A minimal agent record after this step looks like:

myagent.eth
  ├── class        = "Agent"
  ├── schema       = "<agent schema URI>"
  ├── name         = "My Agent"
  ├── description  = "A natural-language description of what this agent does"
  ├── avatar       = "https://example.com/avatar.png"
  ├── agent-wallet = "0x..."
  └── x402-support = "true"

Consumers can now resolve all of these with a standard ENS text record lookup.

Step 3: Advertise services

Services are how clients discover what your agent actually does and where to call it. The agent schema supports two approaches that can coexist.

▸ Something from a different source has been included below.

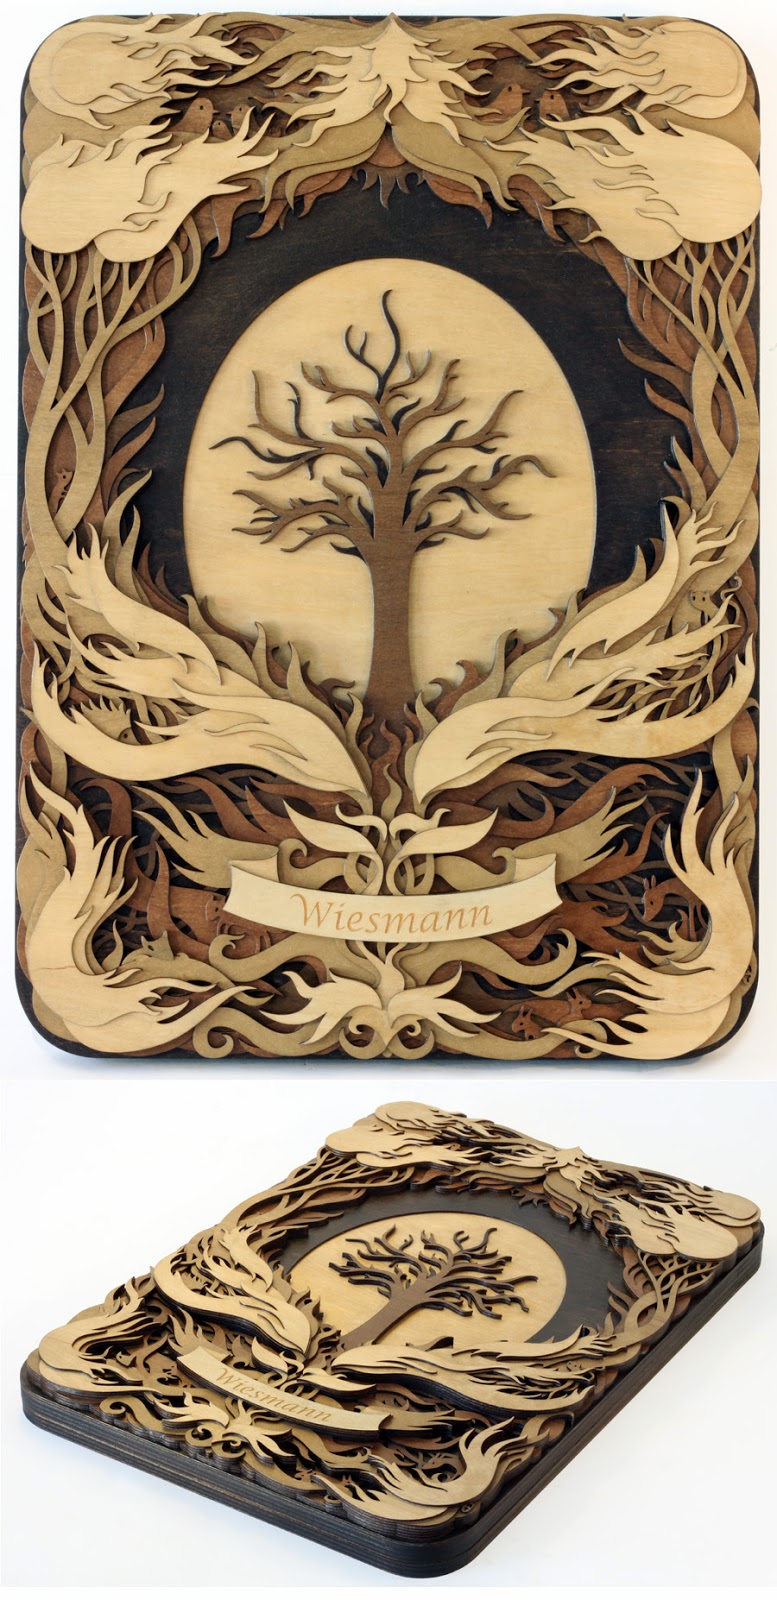 Simply Creative: Laser Cut Wood Illustrations by Martin Tomsky
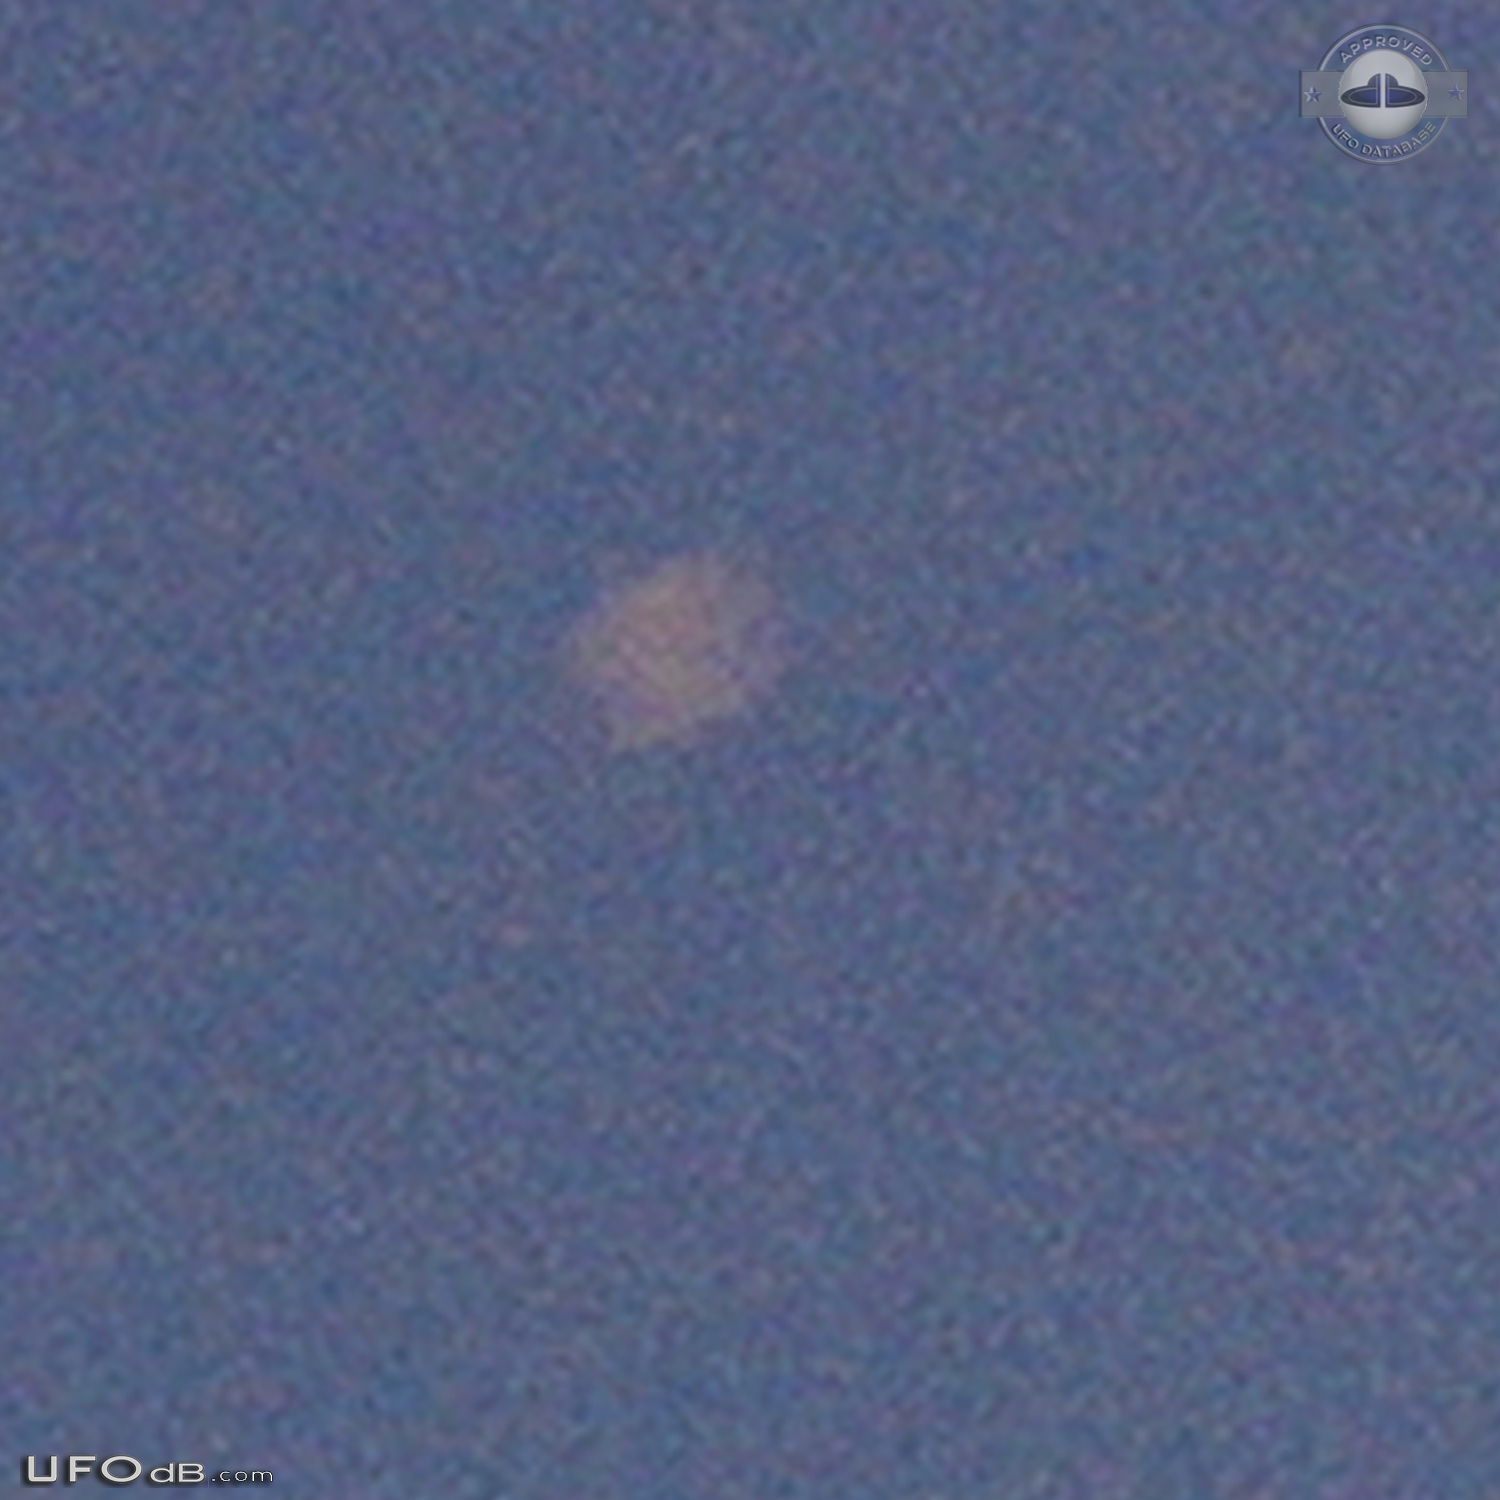 noticed a light passing under the moon in Pendleton Indiana USA 2015 UFO Picture #714-4

As a single index URI using the services field, pointing to a JSON payload that enumerates all services. This mirrors the services array in an ERC-8004 registration file and is convenient when services change frequently or are too verbose to publish individually:

myagent.eth
  └── services = "https://example.com/services.json"

As individual parametrised records using services[name], where each entry maps a service name to its endpoint. This keeps service data on-chain and directly readable without fetching an external file:

myagent.eth
  ├── services[web] = "https://web.agentxyz.com/"
  ├── services[mcp] = "https://mcp.agentxyz.com/"
  └── services[a2a] = "https://agent.example/.well-known/agent-card.json"

Each value can be a direct endpoint URI, or it can point to a JSON descriptor if the service requires more detail (authentication schemes, input/output formats, etc.). The data: and cbor: URI prefixes are also supported for embedding descriptors inline rather than hosting them externally.

For now, adding parametrised entries is a manual process in ensmetadata.app:

  1. With the node selected, click the "+ Record" button at the bottom of the metadata editing drawer.
  2. Enter the parametrised key exactly as shown (for example, services[mcp]), with the service name in square brackets.
  3. Paste the endpoint URI as the value, and save the changes.
  4. Repeat for each service the agent exposes, then broadcast the transaction.

Clients should treat the bare services record as a fallback value that gets queried when they can't find a direct services[name] entry on the ENS name.

Step 4: Cross-registry references and trust models

These two array fields are optional but recommended for agents that participate in on-chain registries or advertise verification mechanisms. Both are added through the same "+ Record" flow as parametrised services in Step 3.

Cross-registry references. Agents registered with ERC-8004 or other on-chain registries can advertise those registrations using the registrations[*] array field. Each entry follows CAIP-19 format, since ERC-8004 identities are modelled as ERC-721 tokens ({namespace}:{chainId}/{tokenStandard}:{identityRegistry}/{agentId}):

myagent.eth
  ├── registrations[0] = "eip155:1/erc721:0x742.../22"
  └── registrations[1] = "eip155:8453/erc721:0x.../7"

This makes the ENS name a single place to find every registration the agent holds, regardless of which chains or contracts they span.

Trust models. The supported-trust[*] array advertises which trust verification mechanisms the agent supports — corresponding to the supportedTrust field in an ERC-8004 registration file:

myagent.eth
  ├── supported-trust[0] = "reputation"
  └── supported-trust[1] = "tee-attestation"

How agents are discovered

Once your records are live, any consumer can find and read them without a central directory. The discovery flow looks like this:

  1. Index TextChanged events on the ENS Public Resolver, filtering for records where the key is class and the value is "Agent". Alternatively, index all nodes that set a schema record pointing to a recognised agent schema.
  2. Resolve the agent's records on each matching node. Read the text records listed in the schema — or all text records if you want the full picture — including name, description, agent-wallet, parametrised services[*] entries, and registrations[*].
  3. Fall back to the registration file only when needed. If the data the consumer wants isn't published directly on the ENS name, fetch the JSON file at agent-uri and read it from there.

This gives any consumer a live, permissionless view of every agent that has opted in to on-chain discoverability.